東大の研究員さんと柏市医師会の会長さんによる「最先端!柏市に学ぶ 地域包括ケアの成功例」と題されたセミナーを聴講しました。お二方ともに発起人であり推進者なので、発される言葉ひとつ一つに熱がこもっていました。

地域包括ケアとは、高齢化社会における高齢者の尊厳保持と自立生活の支援の目的のもと、可能な限り住み慣れた地域で自分らしい暮らしを人生の最期まで続けることができるよう、地域の包括的な支援やサービス提供の体制構築を厚労省号令のもとで推進している介護・福祉事業です。システム構築には、高齢者個人に対する支援の充実と、それを支える社会基盤の整備とを同時にすすめることが重要といわれています。

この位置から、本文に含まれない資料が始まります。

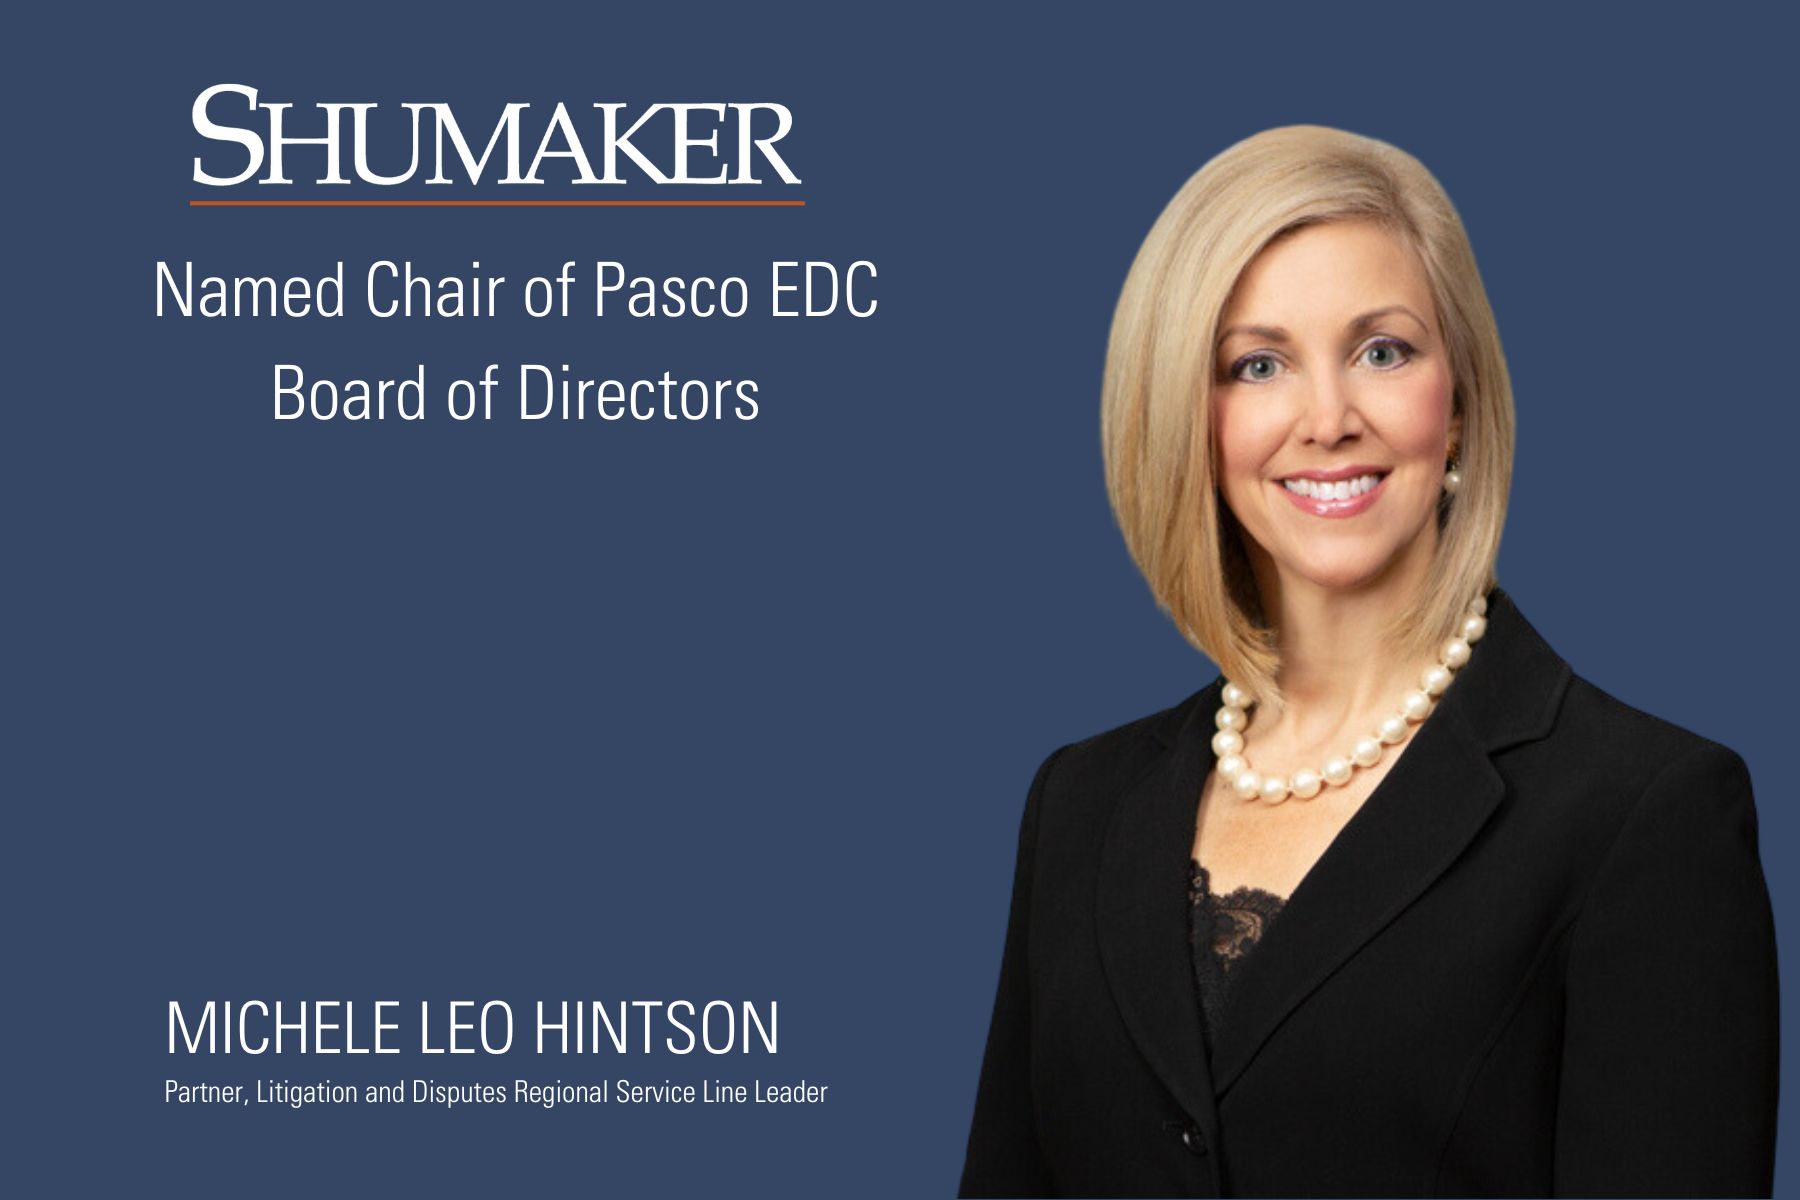 Michele Leo Hintson to Help Lead Pasco EDC’s Mission of Stimulating Balanced and Diversified Business Growth; Named Chair of Pasco EDC Board of Directors

今回のケース、なぜ柏市豊四季台が舞台になったかというと、この地域に住む高齢者の割合が2009年時点で40%を超えていたからだといいます。この状態は40年後の日本の縮図です。2060年の日本は人口8,600万人、60歳以上の割合は50%になると予測されています(内閣府)。

「いつまでも自宅で安心した生活が送れるまち」「いつまでも元気で活躍できるまち」を目指して、東京大学とUR都市機構との共同プロジェクトにしたのがいいなと思いました。取り組みを学術的に検証していく必要があり、官だけだと独解的になるリスクがあるので大学を入れる。住居を考えたときに民間ではなく、ニュータウン団地の再生を課題とするURだったのも興味深い。全国へ拡がっているとのことですが、柏市の完コピではなく、地域の特色を見極めた上での施策になることが課題だと感じました。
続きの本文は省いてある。